With the Romanization of these societies, their shared identity was somewhat reflected through the geo-culturally explained extension of the Roman province of Gallaecia. These far west populations tepidly and gradually adapted to the manners and modus vivendi of the Romans, in what some historians consider to be a peaceful co-habitation of different social realities. The lack of severe conflicts between the two different identities assured a relatively suitable cultural transition to the Middle Ages. In the Early and High Middle Ages successive kingdoms, all of them related to the northwestern Christian Kingdoms that evolved during the early stages of the Reconquista, replaced one another depending on the location of the kingdom's seat, and the North of Portugal and Galicia eventually formed the Kingdom of Galicia. Similarly, Galicia and the north of Portugal remained a cultural and social fairly well defined continuum.

However, by the 9th century the political unity of both territories already started to fade when the title of count was given to the nobleman Vímara Peres by Alfonso III of Asturias after his successful campaign in the reconquest of Portus Cale (Porto). This began a period of political fragmentation for both territories, leading to the formation of the County of Portugal, (later elevated to the independent Kingdom of Portugal.)

Aside from this political division of interests, during this period the Galician-Portuguese language was shared on both sides of the Minho River, and became an established literary language. This shared vernacular of became one of the most important lyrical and literary languages of Europe and was taken in great regard by the neighboring Castilian royal court, with works such as Cantigas de Santa Maria, the Martín Codax's Pergaminho Vindel and the Cancioneiro da Ajuda being written during this period.

Moving into the Late Middle Ages the cultural and political division between the two territories increased, a process which reached its climax with the rise of the modern Spanish and Portuguese nation states, (with regional identity and language suppressed under Francoist Spain in particular).

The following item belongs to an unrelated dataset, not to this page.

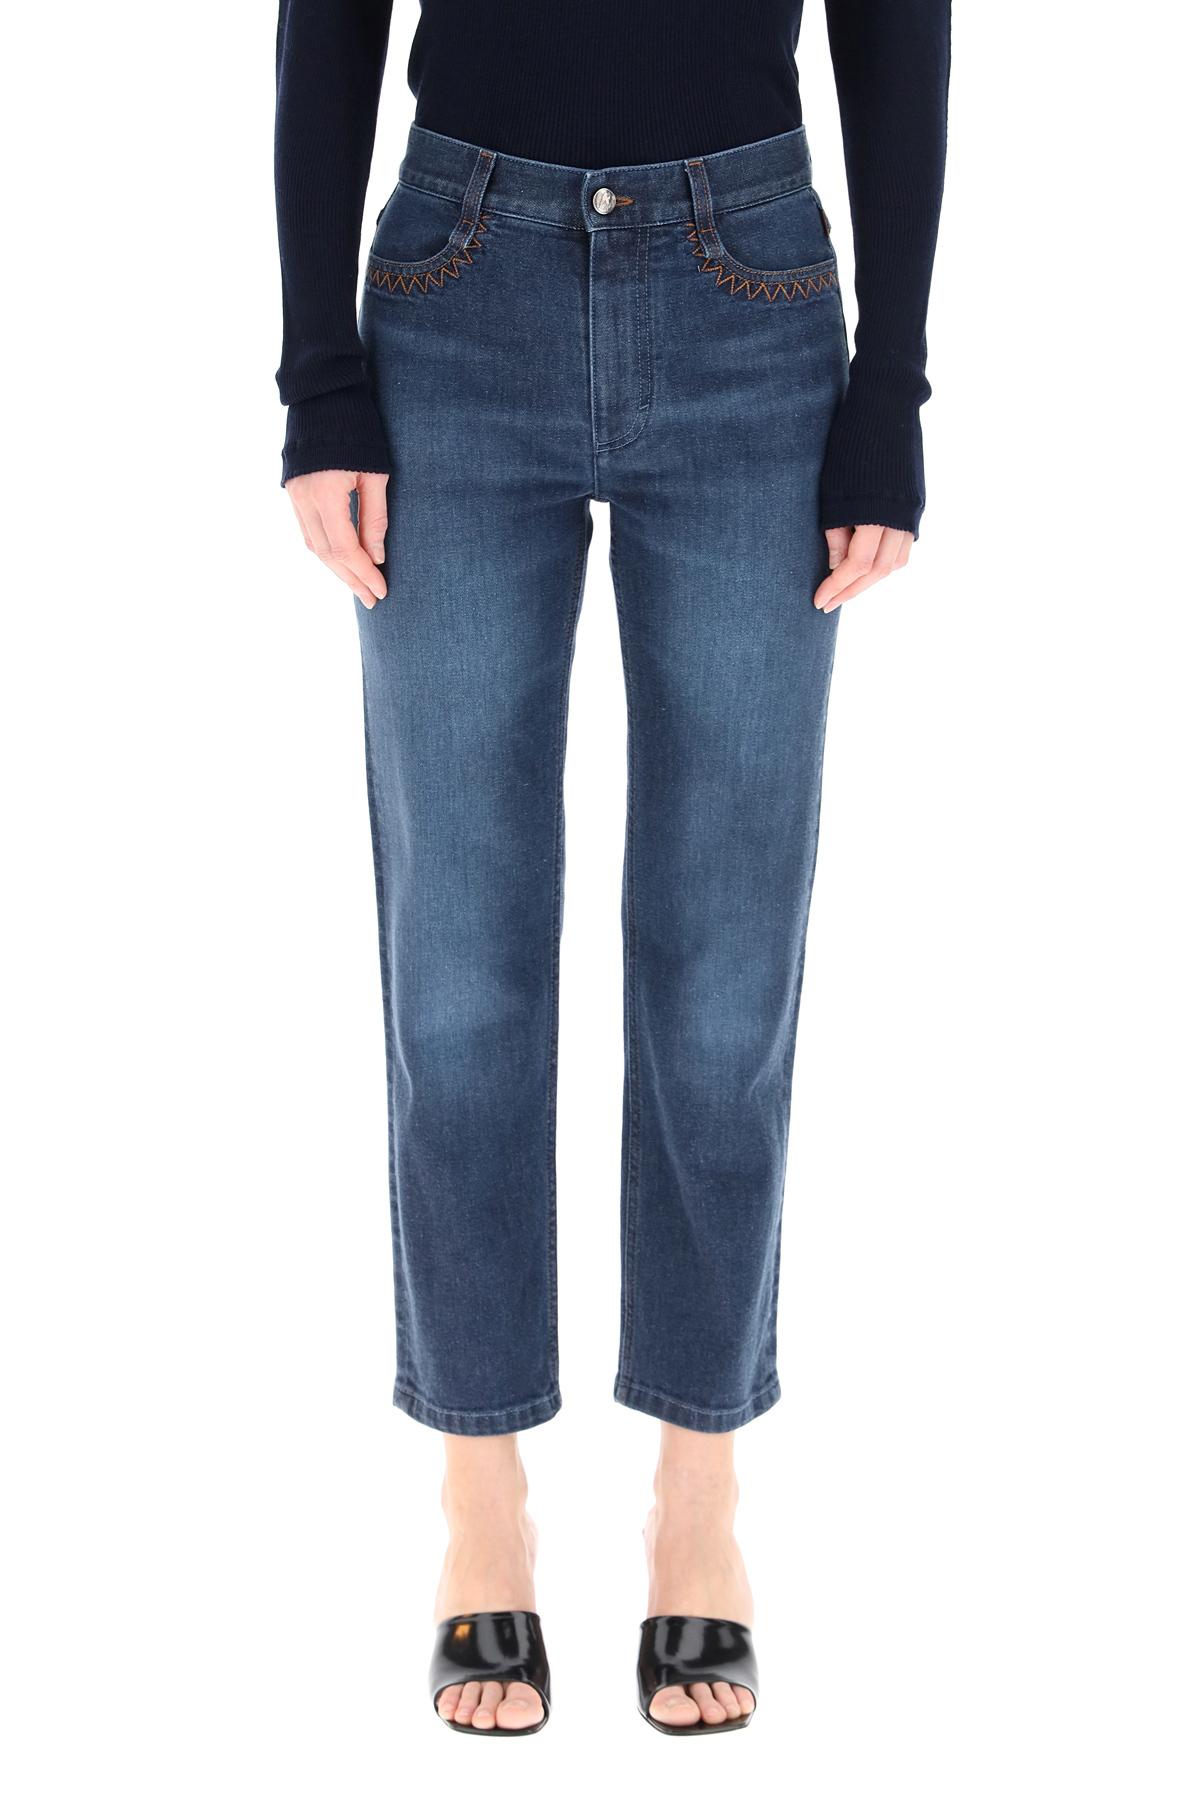 Chloe' jeans con logo a laser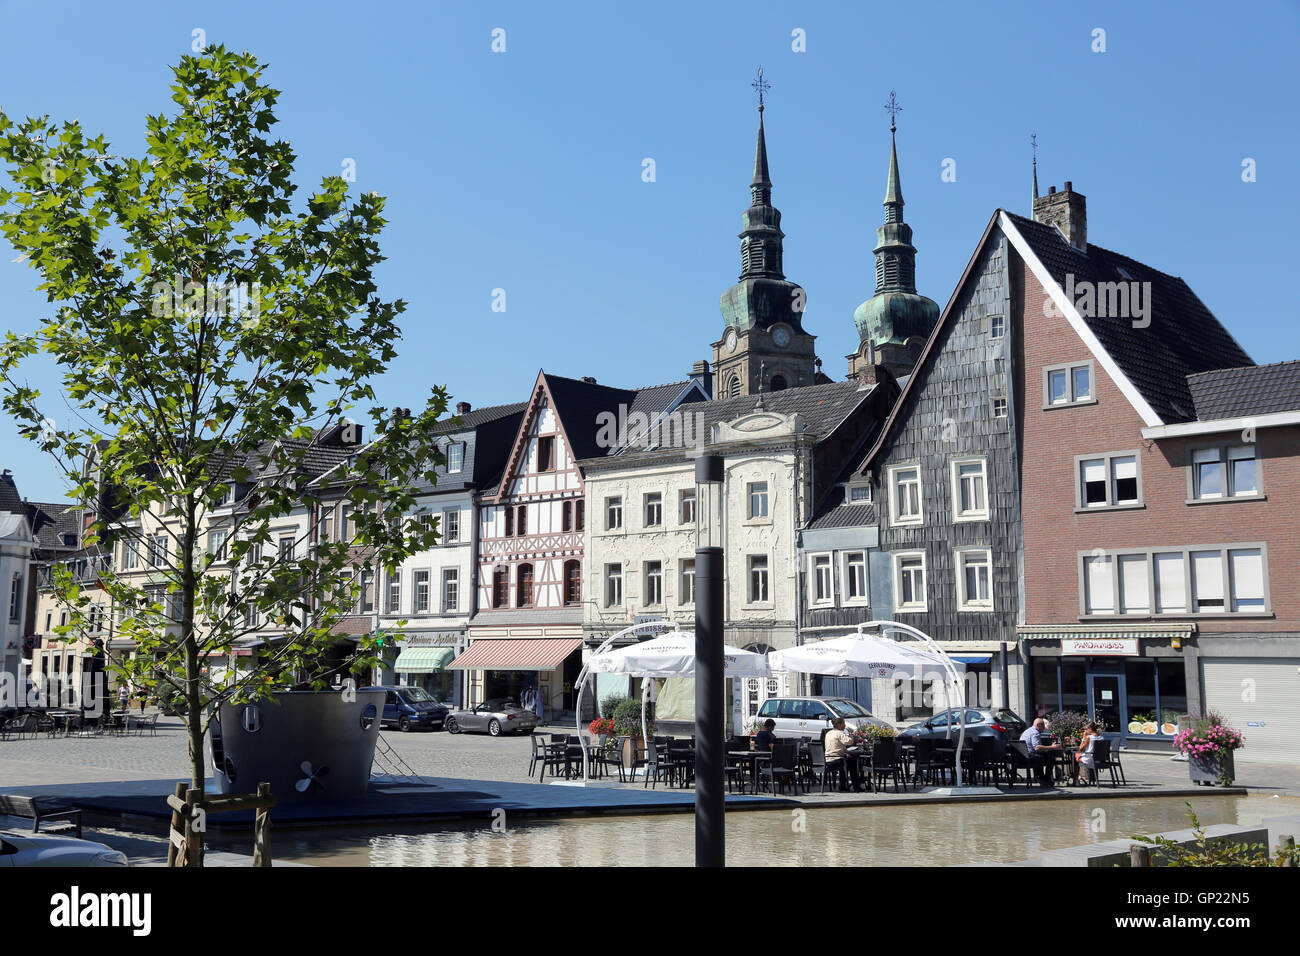 Old Town of Eupen/Belgium with Catholic St. Nicholas Church. Capital of the German-speaking Community in Belgium. Stock Photo

Nevertheless, throughout this time of in one respect increasing division, and despite the territorial expansion of Portugal up to the Algarve, both Galicia and the north of Portugal remained closely related from both a sociocultural and bioclimatic point of view. Similarly, the Portuguese cities of Porto and Braga, two of the most populated and Ancient urban areas of Portugal, are located quite close to the Galician nearby cities of Vigo and Pontevedra and in a certain way represent a continuation of the moderate south–north conurbation that leads up to the medieval pilgrimage destiny and quintessentially Galician city of Santiago de Compostela. A moderate industrialization of both regions during the 19th and early 20th centuries led to dissemination of the rural populations, especially high in Galicia by Spanish standards.

In the late 20th and early 21st centuries, democratisation, the move away from fascism in both Spain and Portugal, and their membership into the European Union, have led to both an increased potential for and an increased desire for cross-border cooperation. Similarly, industrial and economic improvements have led to an increasing exchange of services and benefits between them, as with the rest of the union members. In the particular case of Galicia and the north of Portugal, their prevalent social ties and cultural resemblance, along with demand for a mutual and strengthened infrastructure and city-based economies, creates a demand for better transport services and connections between neighboring cities like Vigo or Porto, as well as other agreements of a diverse nature, such as cultural and educational exchanges, bilateral political strategies, and ethnogastronomic accords. The Euroregion domain that conjoins both the North of Portugal and Galicia attempts to promote such achievements.